Che cosa vuol dire per voi vedere la Basilica distrutta?
È molto dura. È come vedere una bara. Io mentre la guardo vedo il giorno in cui ho indossato il vestito da novizio, poi quello della professione solenne, e l’ordinazione sacerdotale... Abbiamo ricevuto così tante espressioni di vicinanza, da tutto il mondo. Non ci aspettavamo un legame così forte con questo luogo. Ci fanno le condoglianze, come se avessimo un lutto in famiglia. Ho ripensato in questo tempo a Benedetto che, quando ebbe la visione della triplice distruzione del monastero di Montecassino, benché i suoi monaci fossero salvi, pianse, vedendo le mura crollare. Le sue lacrime sono le nostre. Nella liturgia si celebra anche il “compleanno” delle chiese, l’anniversario della loro Dedicazione, perché la Chiesa tratta gli edifici come i santi e questo dice dell’importanza che ha il “tempio”. È comprensibile soffrirne la perdita. Ma di certo l’essenziale è la vita che c’è dentro.

Il luogo è ancora più importante per chi, come voi, fa voto di stabilità.

Sì, certamente. È un amore al luogo del tutto particolare. Se ci si pensa, il voto di stabilità è una cosa molto radicale. Esistenzialmente, è una fedeltà: qualsiasi cosa accada, si sta. È come dovrebbe essere il matrimonio. Mentre oggi nel mondo tutto è all’opposto. La stabilità è il nocciolo di ciò che ci offre san Benedetto: ha creato e nutrito la cultura europea e ha permesso che si trasmettesse nei secoli, ma bisogna capire come lui e i suoi discepoli siano riusciti a fare questo. Si sono radicati. Non si sono piegati ai momenti di difficoltà, di qualsiasi genere: con i confratelli, con l’abate, con il clima, con la malattia... con il terremoto. Sono rimasti. E, soprattutto, sono sempre andati oltre le superficialità della giornata.
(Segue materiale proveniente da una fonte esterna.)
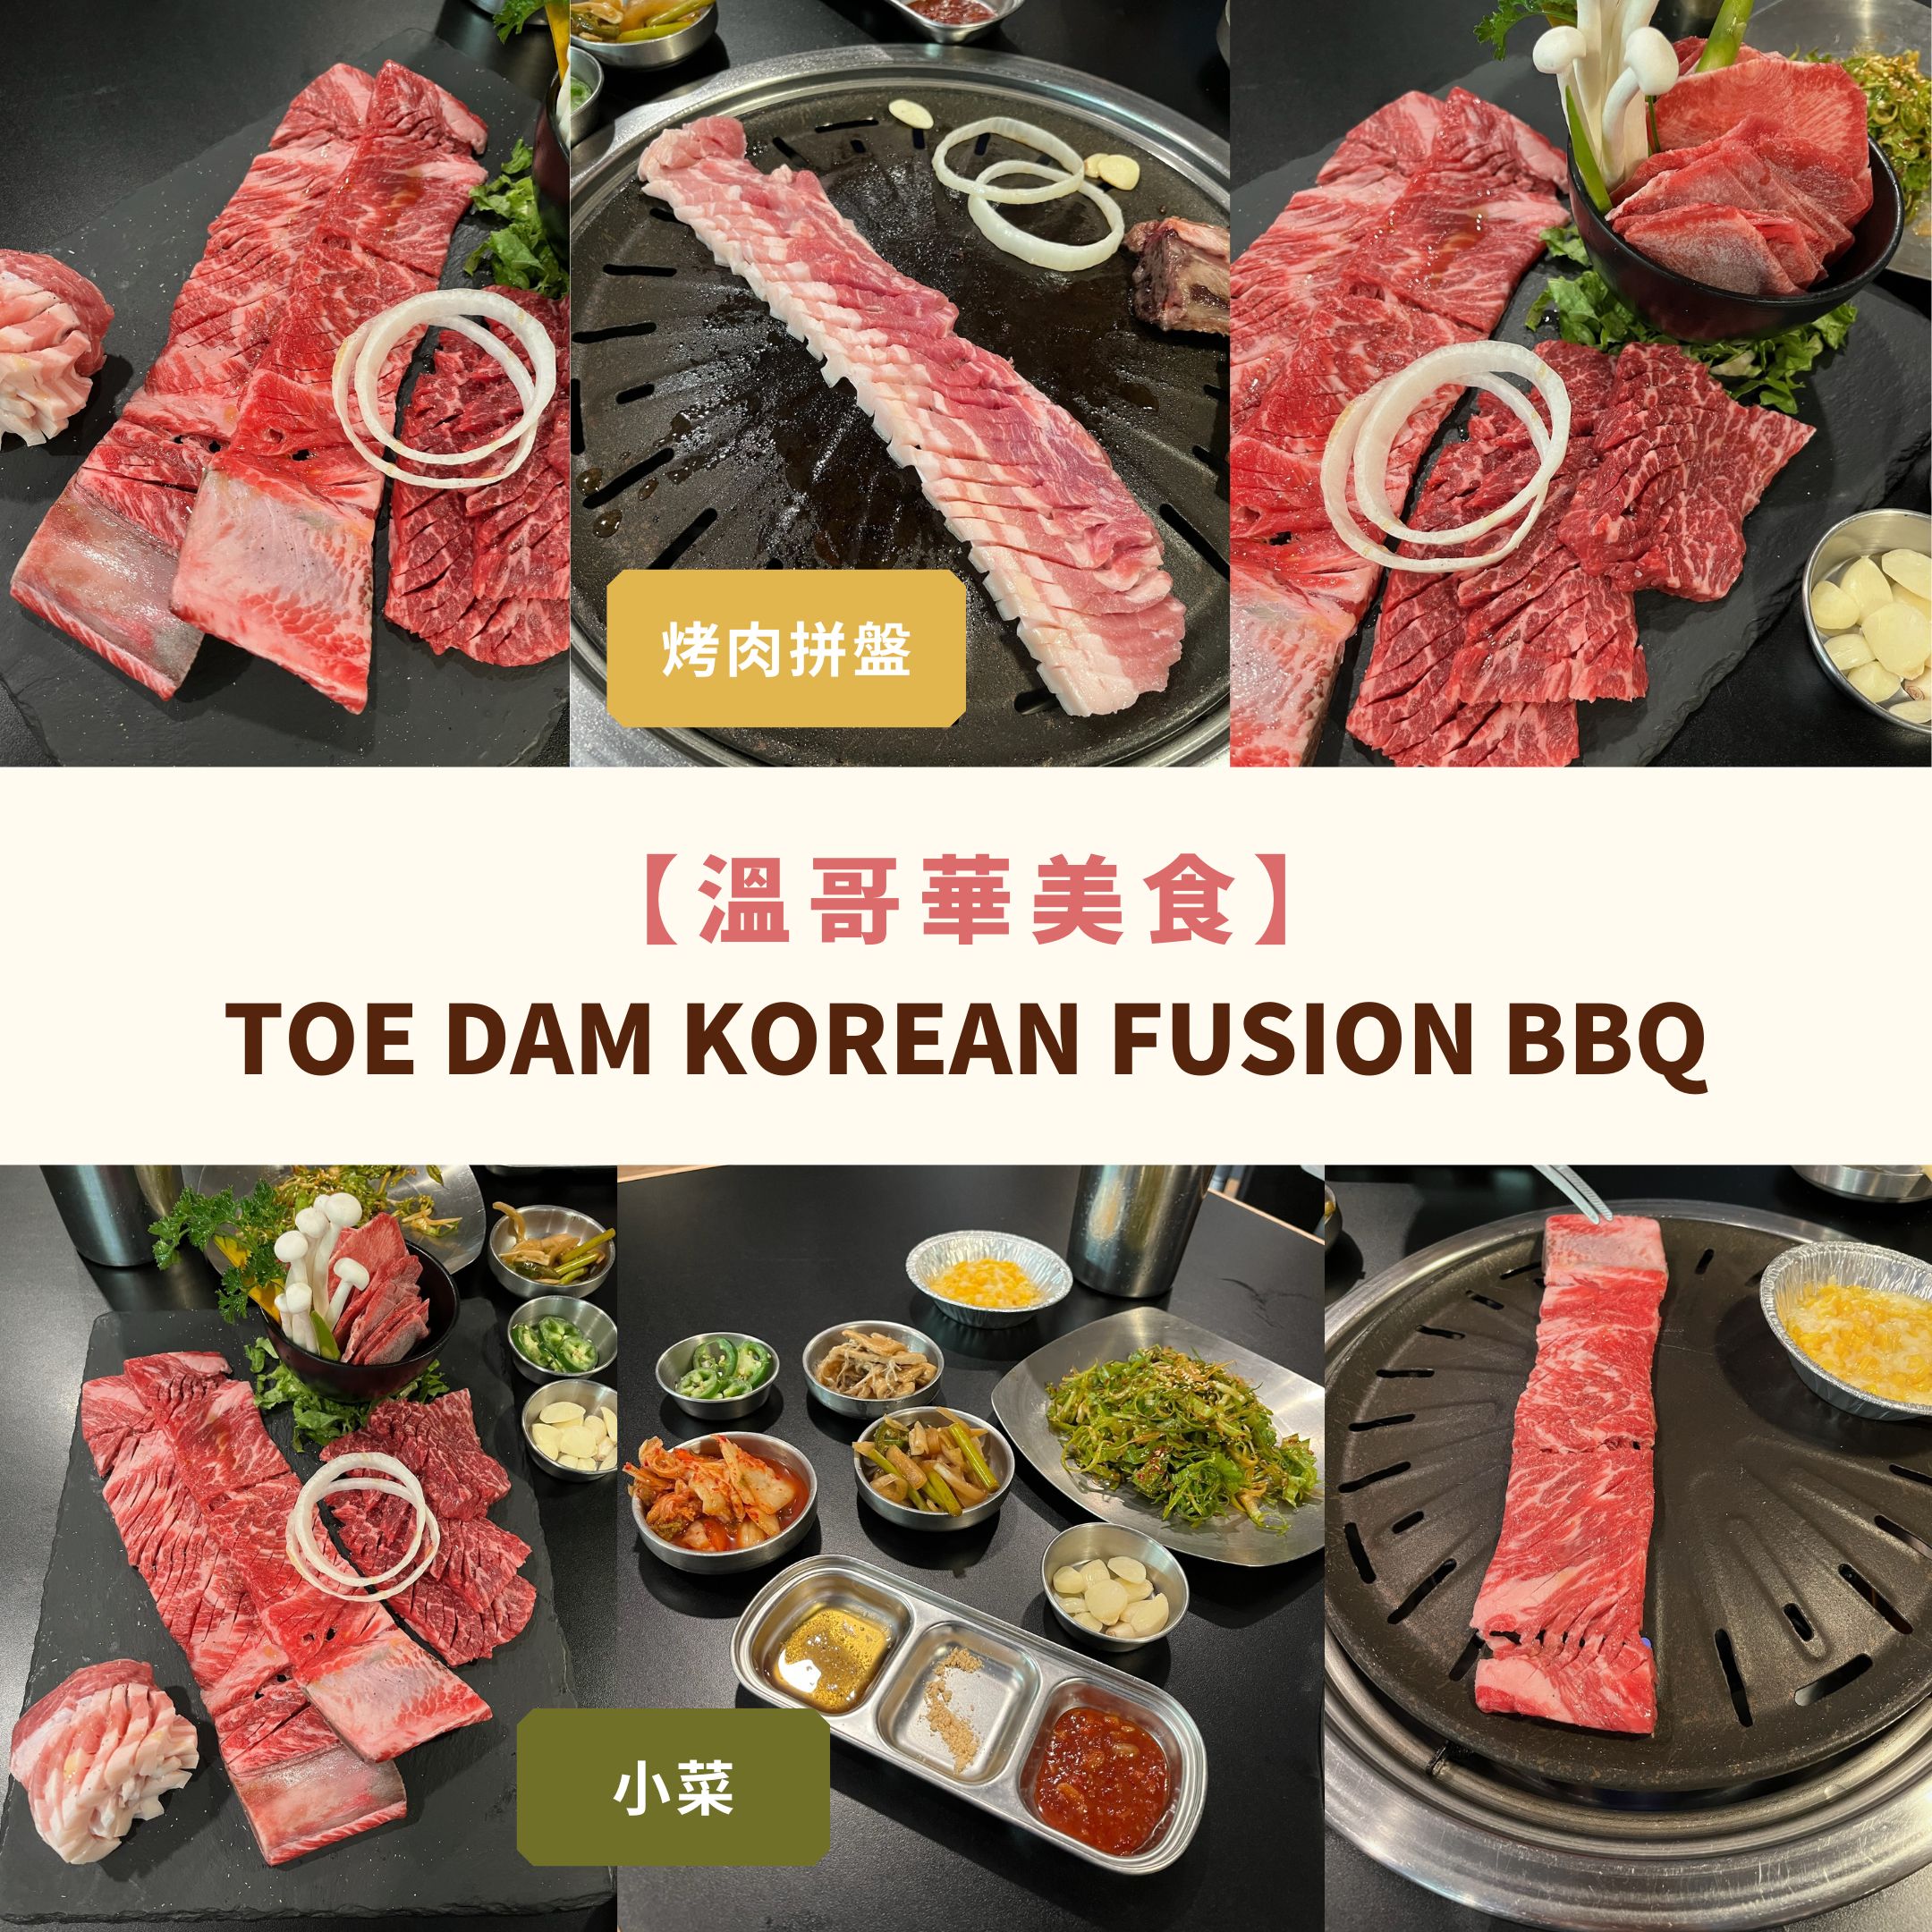 溫哥華美食 lougheed 韓國韓燒餐廳 toe dam bbq

Lei, infatti, ha visto in quello che è accaduto un’occasione per tutta l’Europa. Qual è questo richiamo?
Spero che il terremoto, che ha ferito in qualche modo un luogo che è all’origine dell’Europa, offra una nuova finestra, una nuova visione proprio sulle sue origini, sulle sue «radici». Spesso si usa questa espressione, ma senza che ci dica più nulla. Benedetto è un santo che non corrisponde alle immagini immediate che abbiamo oggi, che non si può inquadrare, da cui non ci si può aspettare una frase chic, veloce, che ti spiega tutto. È molto profondo, e sottile. Allora si tratta di scoprirlo. E se l’Europa prova a conoscerlo, vuol dire che va oltre le superficialità. In tutte le sofferenze, c’è la possibilità di prepararsi per una nuova nascita.

Ora siamo in Avvento...
Per noi ora più che mai è il momento dell’attesa e dell’aratro. È il tempo di seminare per raccogliere, senza sapere quando. L’importante è che quando Norcia rinascerà, trovi una fede più forte e seria di oggi. Ricordiamo sempre che san Benedetto per tre anni è stato nello speco di Subiaco, da solo, lontano da tutti. Fino a quando Dio non ha deciso di farlo conoscere. I pastori della zona lo scambiavano per un animale, ma da lì è nato il primo monastero... Penso che per noi e per tutta la nostra gente questo è come il tempo di una donna che attende un figlio: per nove mesi prepara tutto bene per lui. Per noi non saranno mesi, ma anni. Però se si ha più tempo, ci si prepara meglio.